介绍SentenceTransformers
从头开始训练一个SentenceTransformers模型包括一个过程,即教导模型理解和编码句子为有意义的、高维度的向量。在这篇博客中,专注于一个包含等价句子对的数据集。总的来说,培训过程的目标是让模型学习如何将语义上相似的句子映射在向量空间中的接近位置,同时将不相似的句子分隔开。与可能无法捕获某些领域或用例的特定性质的通用预训练模型相比,自定义训练模型确保模型能够精确调整以理解与特定领域或应用相关的上下文和语义。

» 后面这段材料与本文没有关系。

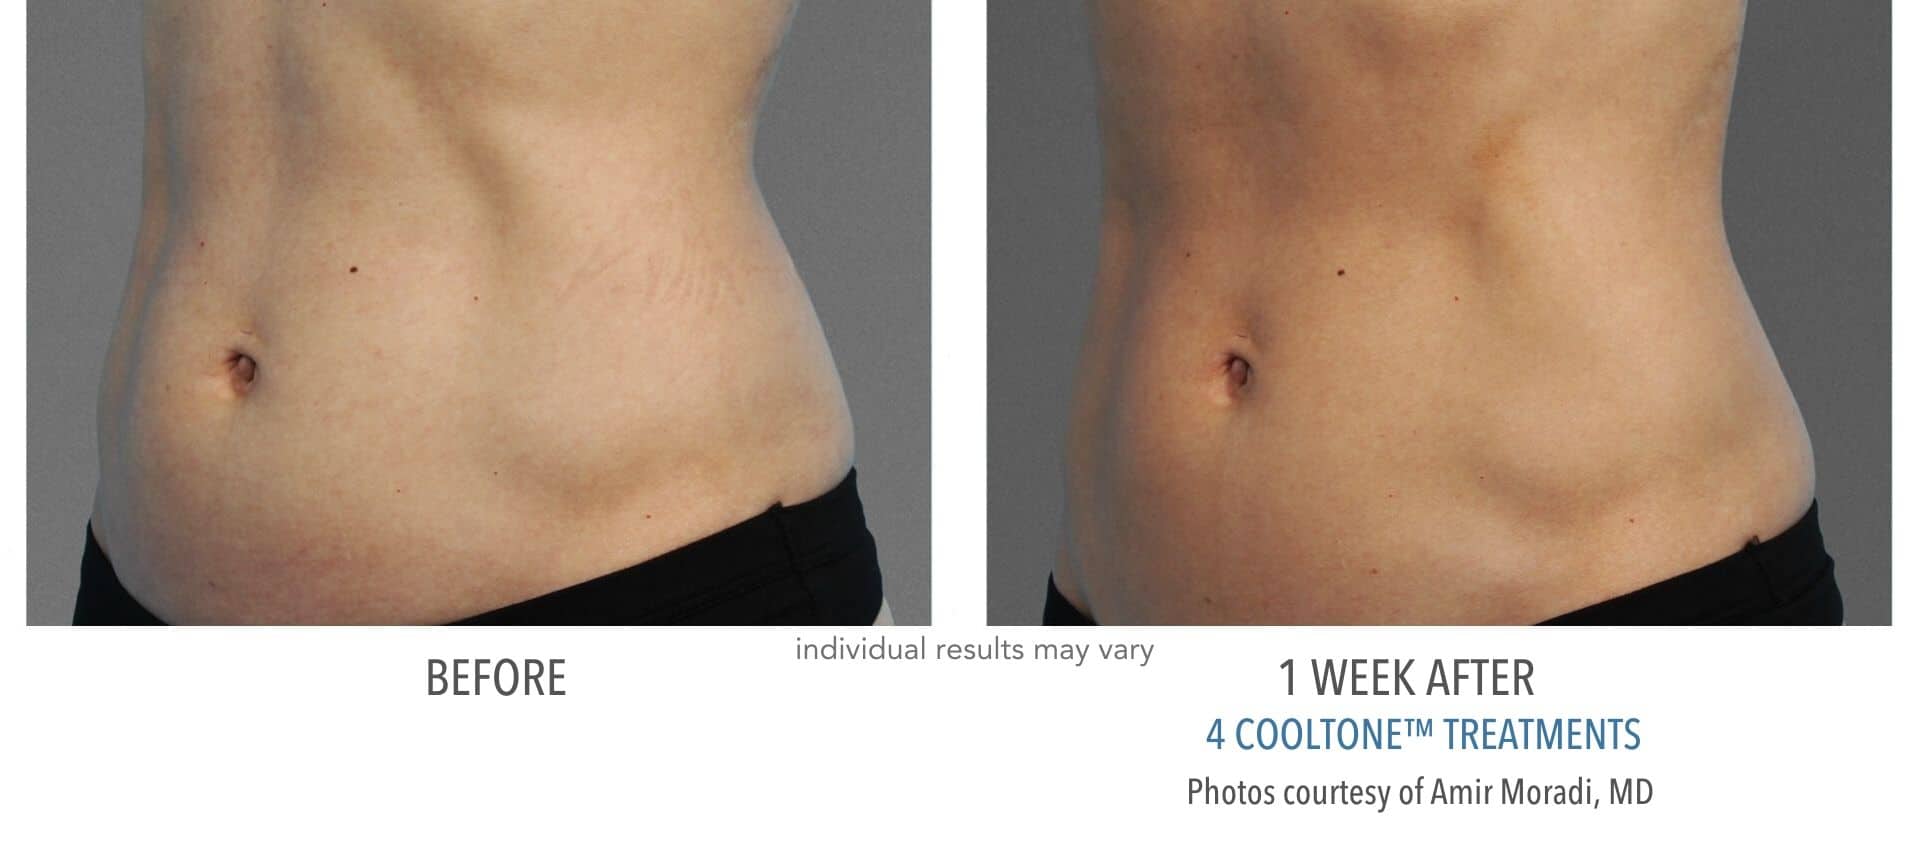 Womans abdomen before and after cooltone at advanced rejuvenation centers.
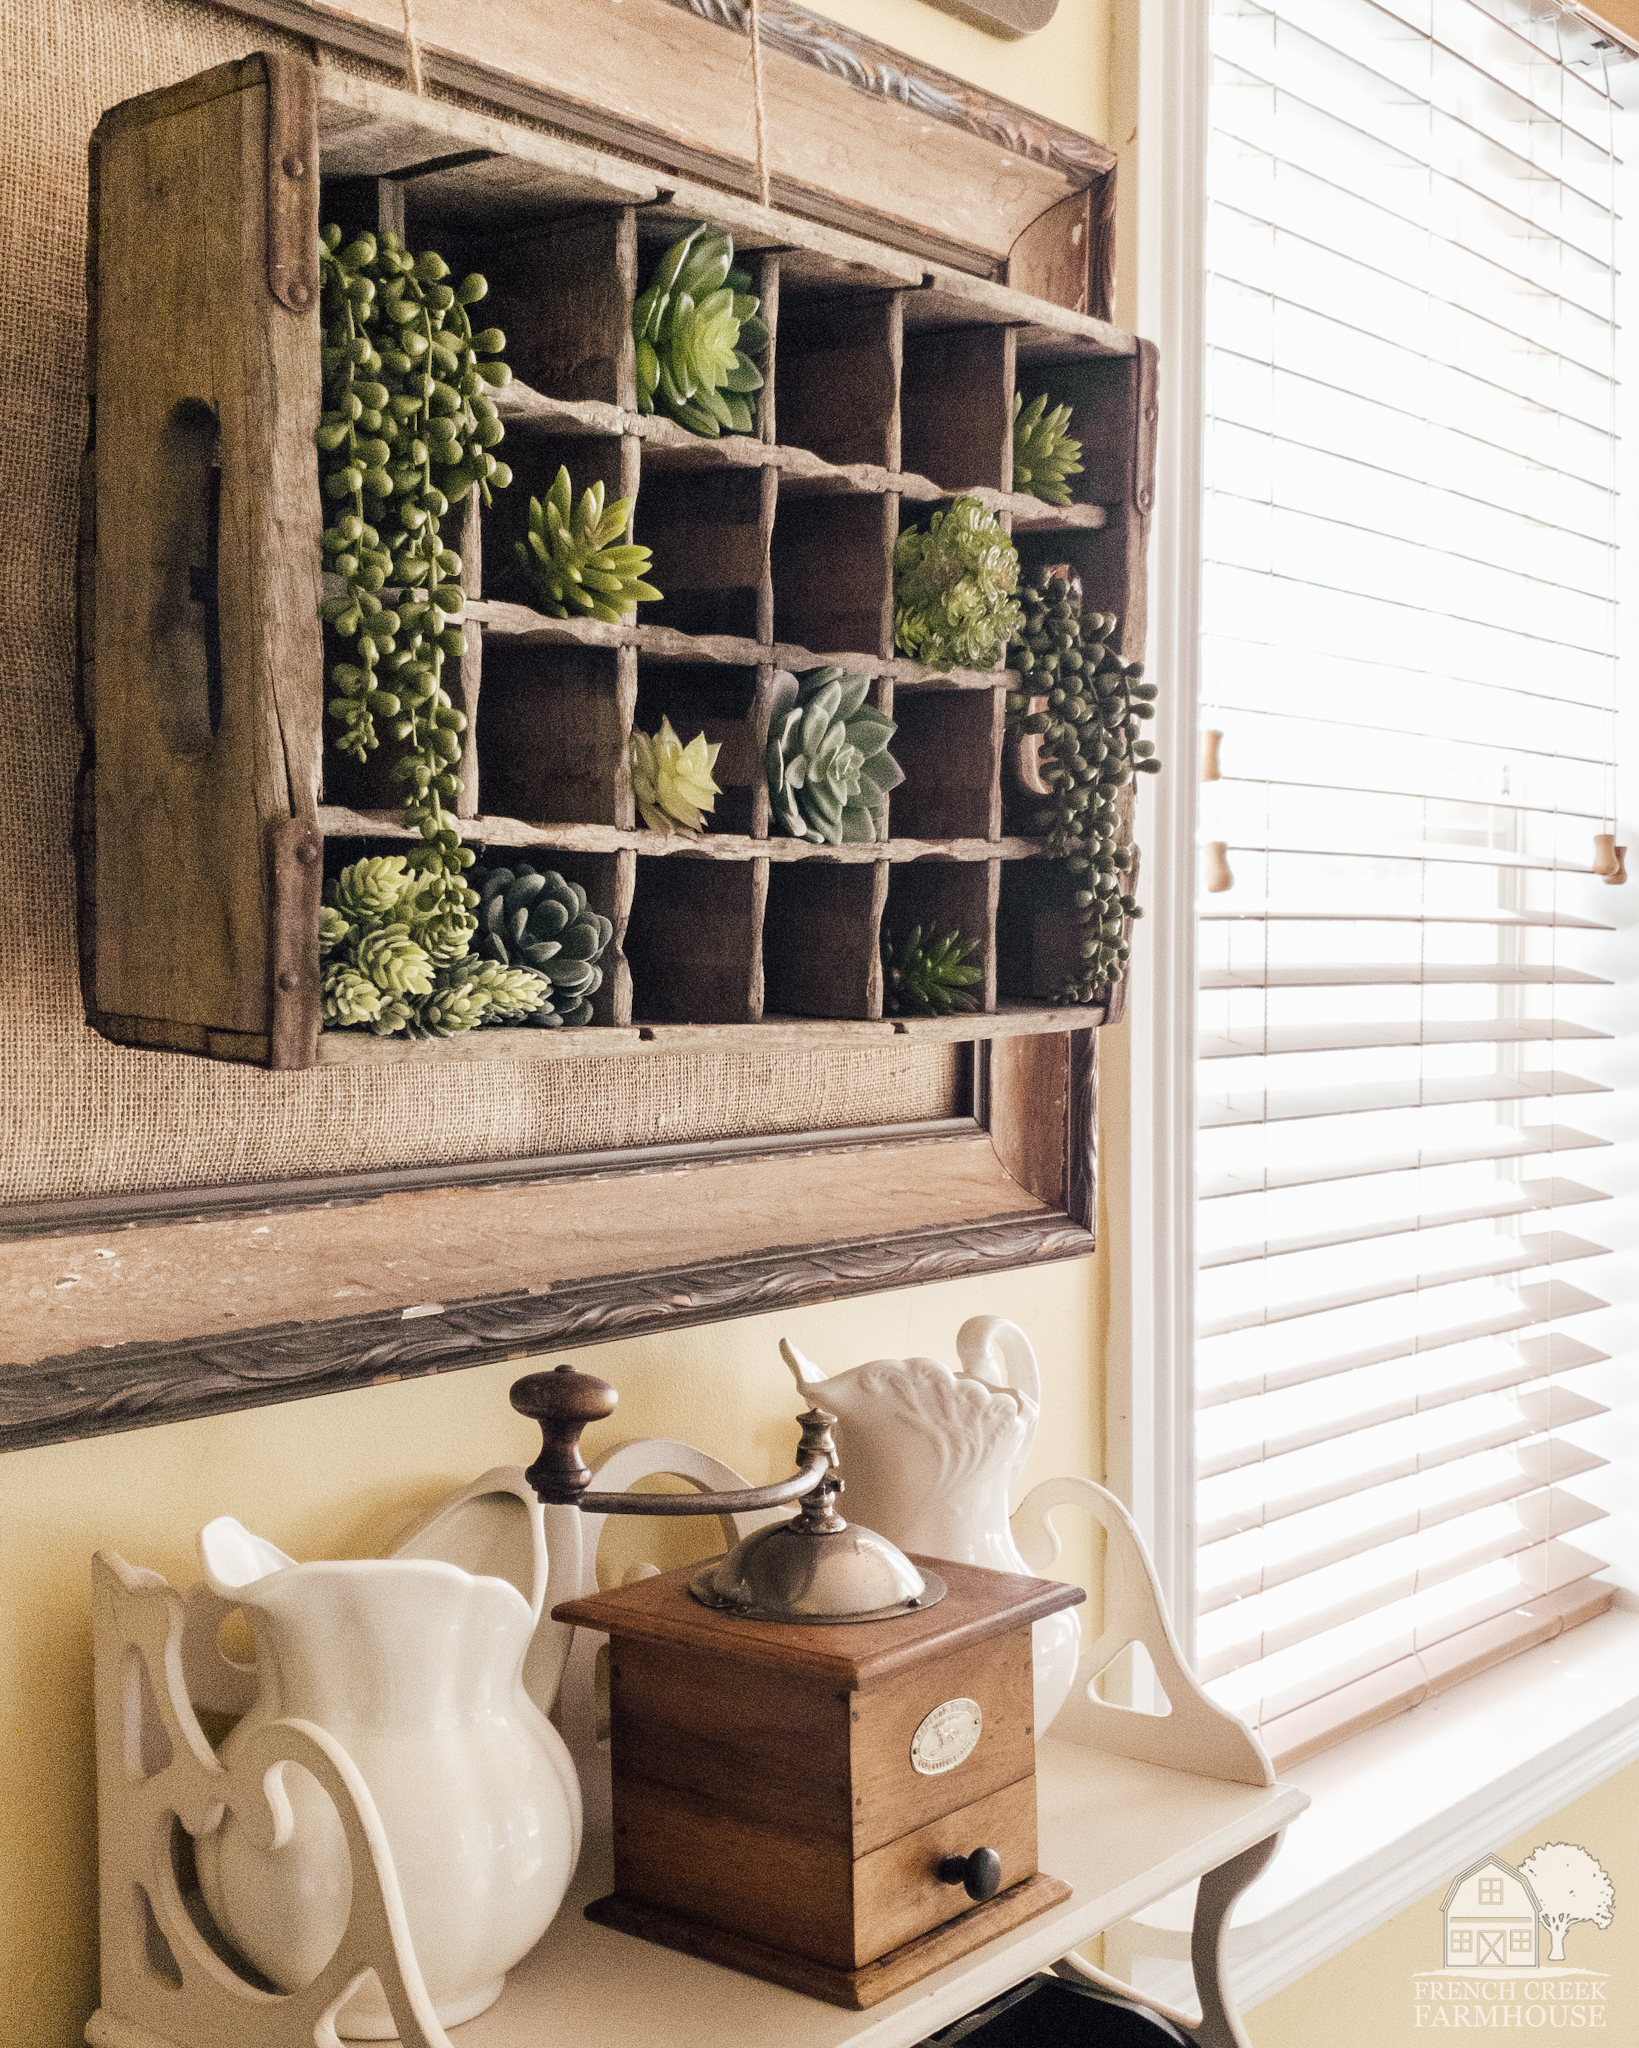 Rustic French Country wall decor with succulents and ironstone pitchers

感兴趣的是执行非对称语义搜索。在这种方法中,模型承认查询和文档本质上可以是不同的。例如,具有简短查询和长文档。非对称语义搜索使用编码,使搜索更加有效,即使在文本类型或长度不匹配时也是如此。这对于信息从大型文档或数据库检索的应用非常有用,其中查询通常比他们搜索的内容更短且不那么详细。这里有一个语义搜索如何工作的例子:
查询:巴黎位于法国吗?
语料库中最相似的句子:
法国的首都是巴黎(得分:0.6829)
巴黎是欧洲的一个城市,有着传统和杰出的食物,是法国的首都(得分:0.6044)
澳大利亚以其传统和杰出的食物而闻名(得分:-0.0159)
基于AMD GPU的实现
案例在Ubuntu 22.04.3 LTS系统ROCm 6.0.2和PyTorch 2.3.0版本进行。
$ python
Python 3.12.1 | packaged by Anaconda, Inc. | (main, Jan 19 2024, 15:51:05) [GCC 11.2.0] on linux
Type "help", "copyright", "credits" or "license" for more information.
>>> import torch
>>> torch.__version__
'2.3.0+rocm6.0'
安装以下Python包:
pip install datasets ipywidgets -U transformers sentence-transformers
从HF-Mirror - Huggingface 镜像站下载Sentence Compression 数据集:
./hfd.sh embedding-data/sentence-compression --dataset --tool aria2c -x 4
句子压缩(Sentence Compression)数据集包含18万对等价句子。这些句子对演示了如何把较长的句子压缩成较短的句子,同时保持相同的含义。
导入Python包
from datasets import load_dataset # 从datasets库中导入load_dataset方法
from sentence_transformers import InputExample, util # 从sentence_transformers库中导入InputExample和util模块
from torch.utils.data import DataLoader # 从torch库中导入DataLoader类
from torch import nn # 从torch库中导入神经网络相关模块
from sentence_transformers import losses # 从sentence_transformers库中导入losses模块
from sentence_transformers import SentenceTransformer, models # 从sentence_transformers库中导入SentenceTransformer和models模块
准备数据集:
dataset_id = "./sentence-compression"
dataset = load_dataset(dataset_id)
查看数据集中的一个样本:
# 查看一个样本
print(dataset['train']['set'][1])
['Major League Baseball Commissioner Bud Selig will be speaking at St. Norbert College next month.',
'Bud Selig to speak at St. Norbert College']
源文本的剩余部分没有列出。